Sometime soon – before HP’s fiscal third quarter ends in July, executives hope – Palm will belong to HP the largest company in Silicon Valley. (Regulators must approve this deal and shareholders might press HP for a bit more money, but some kind of deal is a no-brainer.) What next? At HP, Palm might struggle to distinguish itself within a juggernaut that unabashedly invests in enterprise software and services, and until now has treated smartphones as an afterthought. Or, bolstered by HP’s unmatched scale and resources, Palm’s well-respected webOS phone software might finally find lasting commercial success.
The Bradley factor
The outcome depends on the leadership of one Todd Bradley, executive vice president of the HP Personal Systems Group. Fortunately for HP, Bradley is intimately familiar with this new project. Before HP CEO Mark Hurd personally recruited him four years ago to resurrect HP’s PC business, Bradley was CEO of Palm.

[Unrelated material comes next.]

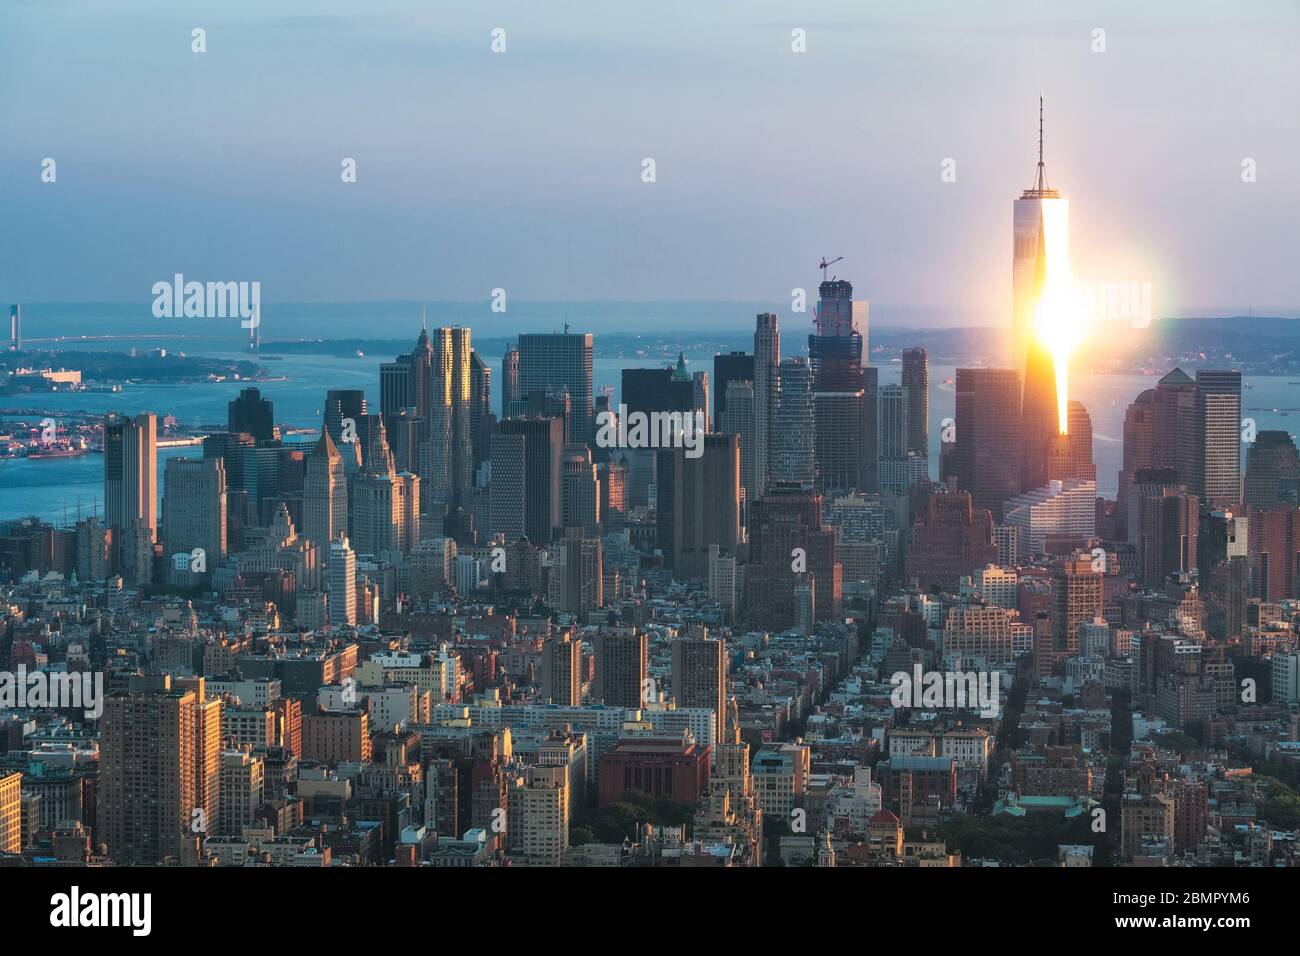 Skyline of New York City showing Lower Manhattan buildings at sunset in New York, United States of America. Stock Photo

Of course, that was an eternity ago in Silicon Valley time – before Apple’s (AAPL) iPhone and Google’s (GOOG) Android operating system existed, and before both turned mobile app stores into one of the hottest areas in tech.
When Bradley last ran Palm, the main business challenges were logistics and distribution – getting phones built profitably and sold widely enough to make an impact. Bradley deftly trimmed the product portfolio, managed component costs and streamlined inventories. Back then, his most worrisome rivals were Microsoft (MSFT) and Research in Motion (RIMM), both of which catered to corporate users. He basically had the consumer market to himself.
A different world
Now, Apple’s iPhone and Google’s Android OS have struck a chord with consumers and software developers, selling tens of millions of devices and taking mobile computing mainstream. They have the momentum. This time around, Bradley’s challenge is more fundamental: Can he redesign Palm’s phones, win over consumers, and lure app developers? Or, more bluntly – can HP succeed where Palm failed alone?
Financially, this deal is solid. The $1.2 billion purchase price is just over 1x Palm’s annual revenue (though sales are dropping), and investors can be sure HP will swiftly slash non-engineering costs and use its scale to get components at the lowest prices possible.
But the money is just one part of the picture. To have any hope of making this acquisition truly worthwhile, Bradley will have to untangle HP’s mobile software strategy. Today, HP’s small portfolio of iPAQ business smartphones and handhelds runs Microsoft’s Windows Mobile OS. Its soon-to-launch HP tablet computer runs Windows 7. Its DreamScreen digital picture frames run a homegrown flavor of Linux, and its netbooks come in both Windows 7 and Linux varieties. And its high-end calculators run another OS. Compare that to Apple, whose iPhones, iPads and iPod touches all run the same OS, and use the same app store.
When I spoke with HP strategy and technology chief Shane Robison just after the acquisition announcement, he was non-committal about the mobile software strategy. And one developer I contacted was hopeful about Palm’s future with HP.